■ **Available data**

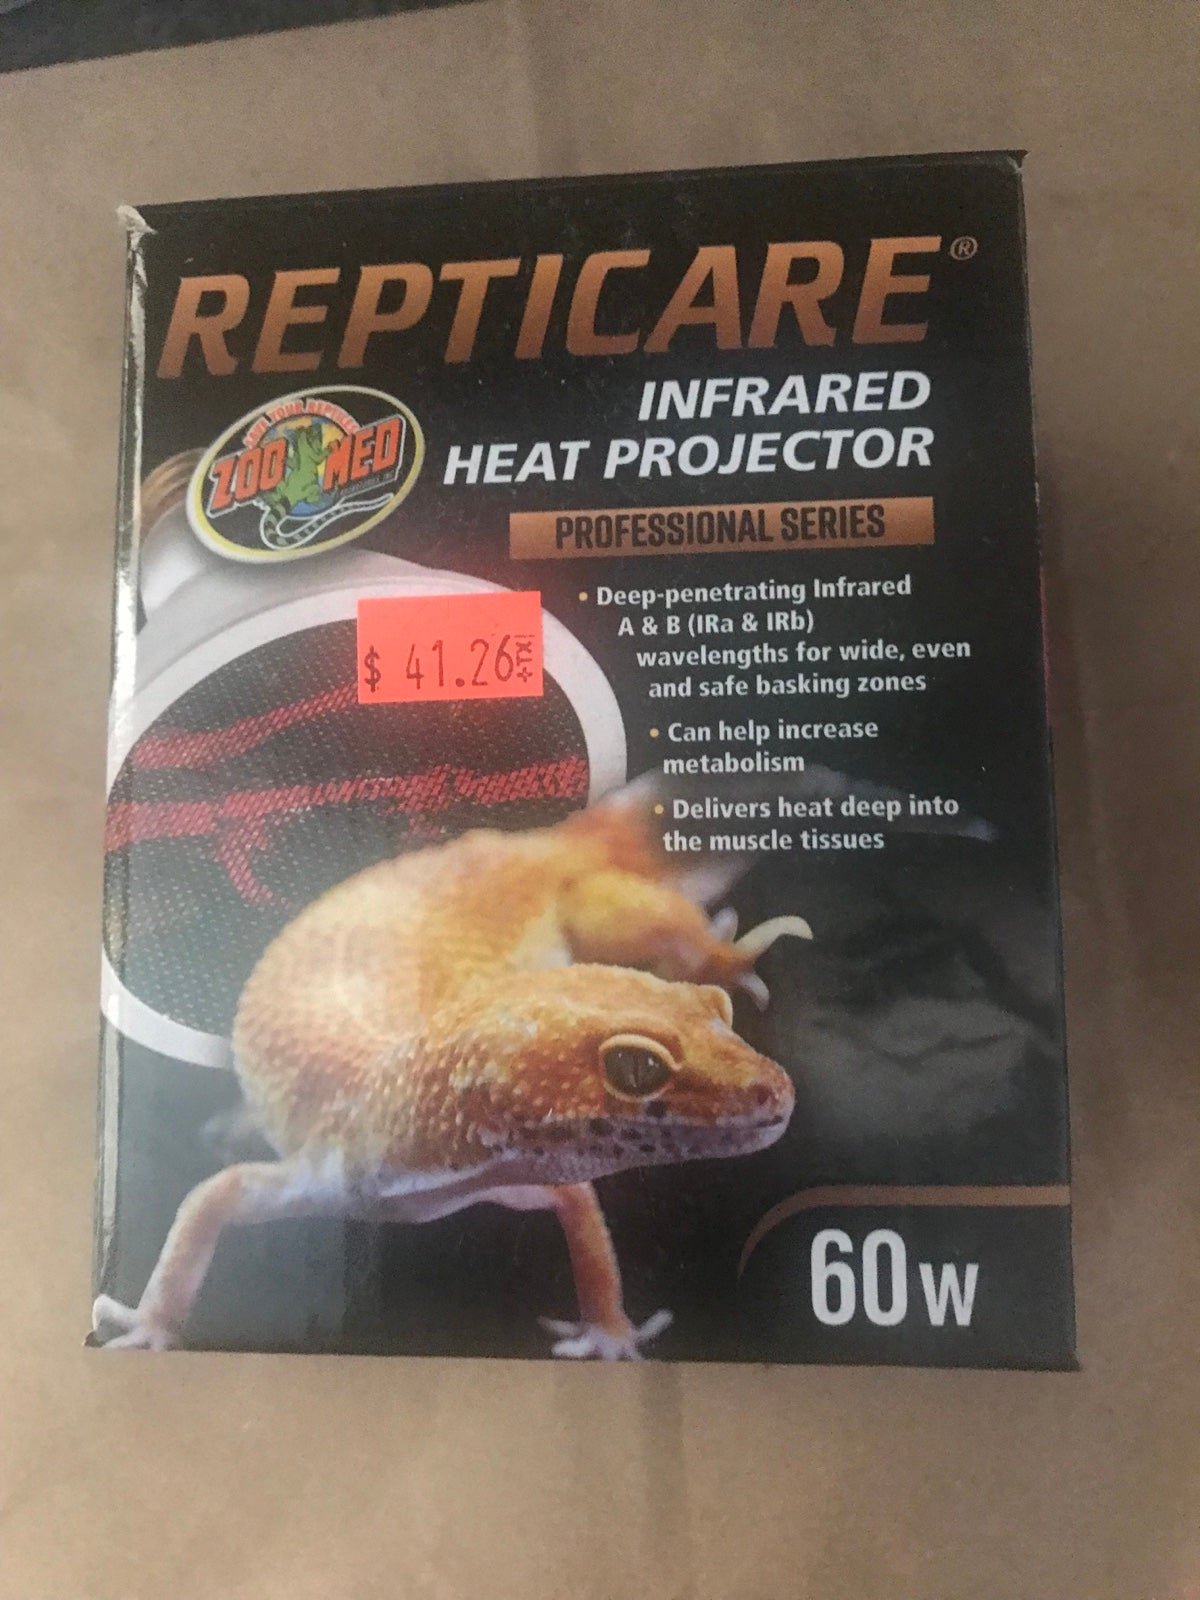 Heat projector  for reptiles 37ifnfWKd
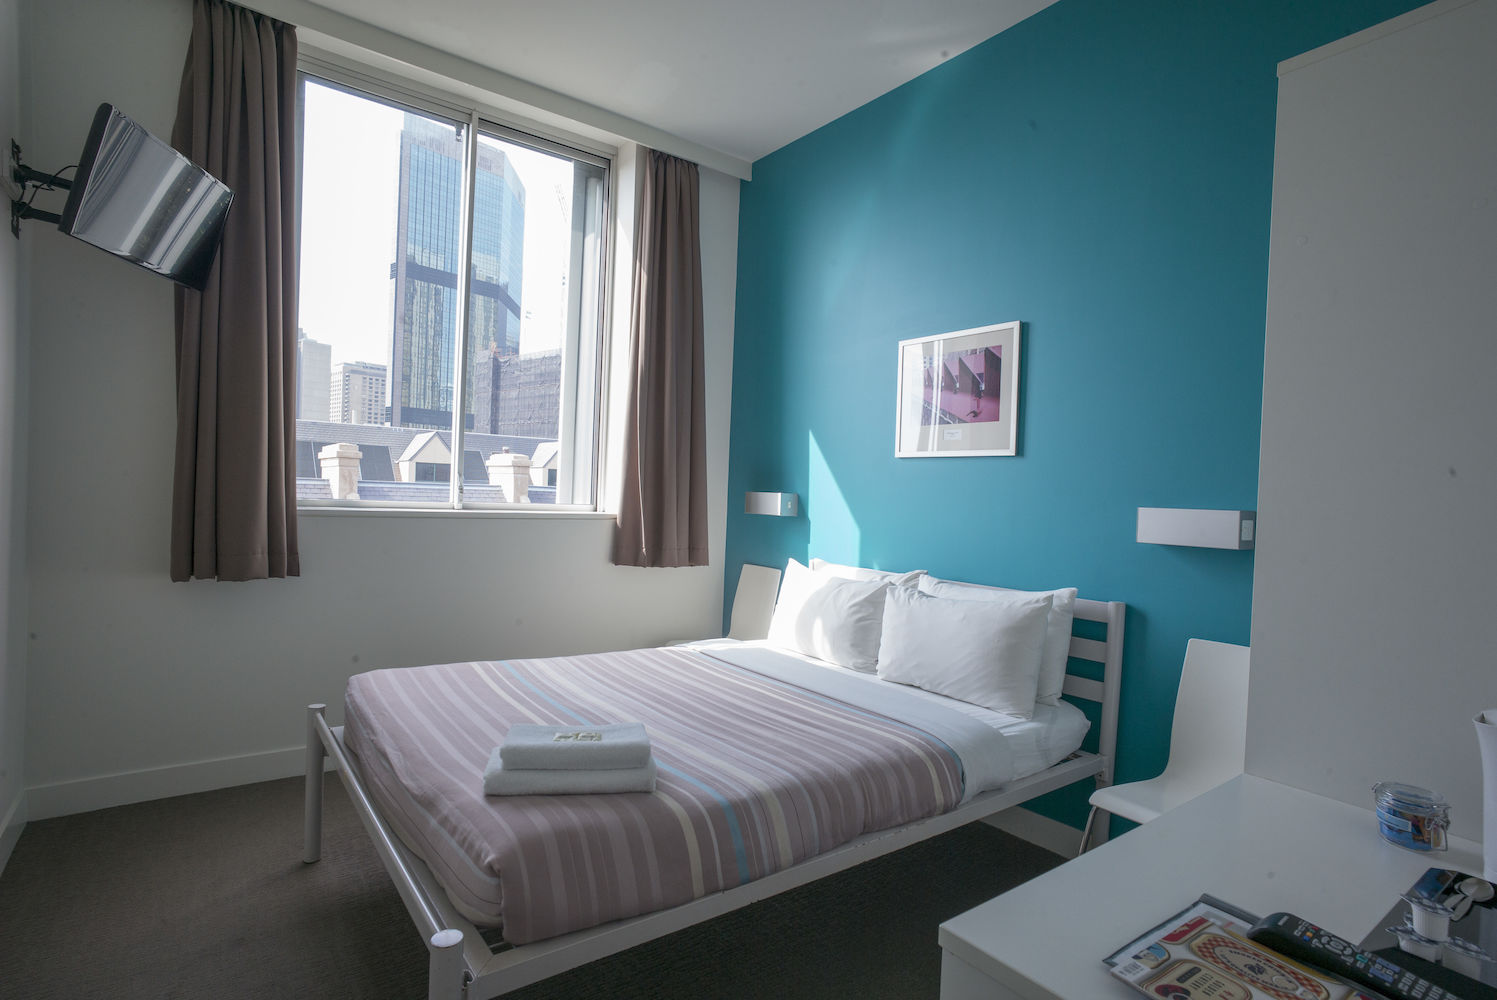 Sydney Harbour Yha Hostel In Sydney Prices How To Compare
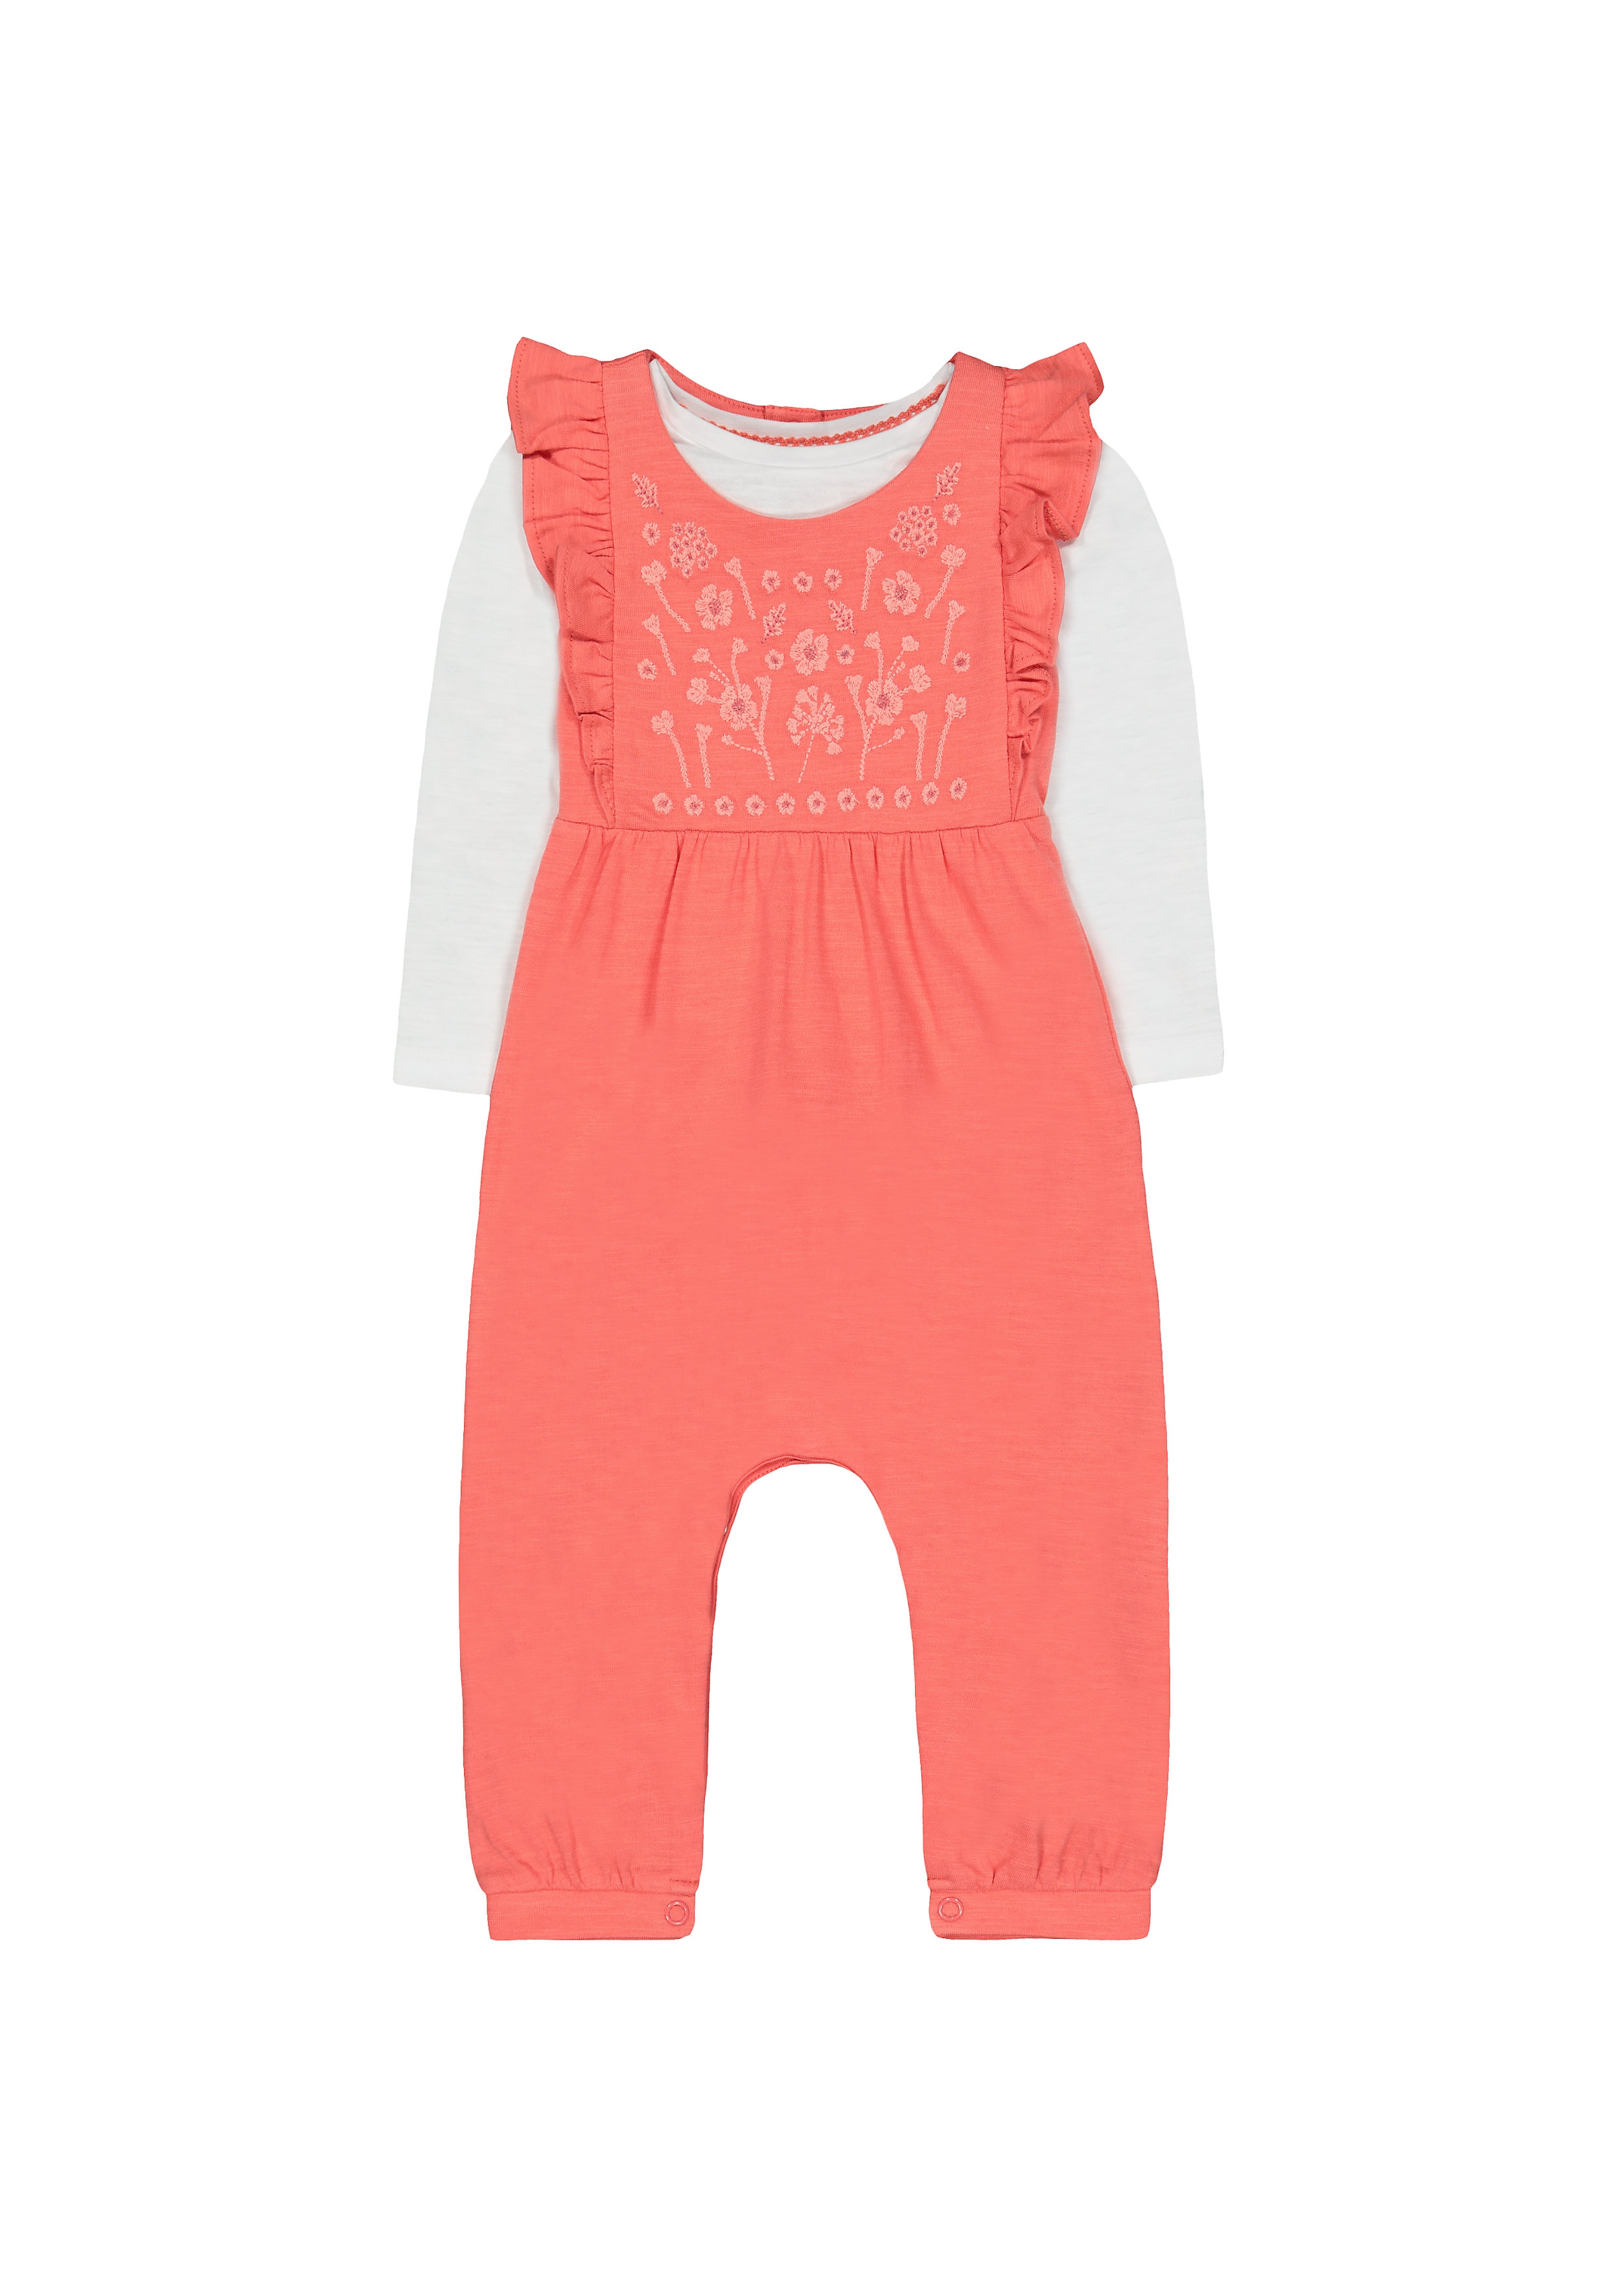 Mothercare | Girls Full Sleeves Dungaree Set Floral Embroidery - Coral 0

■ **The problem**
Print the material word for word; images are to be left out.

■ **Output**
 Heat projector  for reptiles 37ifnfWKd
 Sydney Harbour Yha Hostel In Sydney Prices How To Compare
 Mothercare | Girls Full Sleeves Dungaree Set Floral Embroidery - Coral 0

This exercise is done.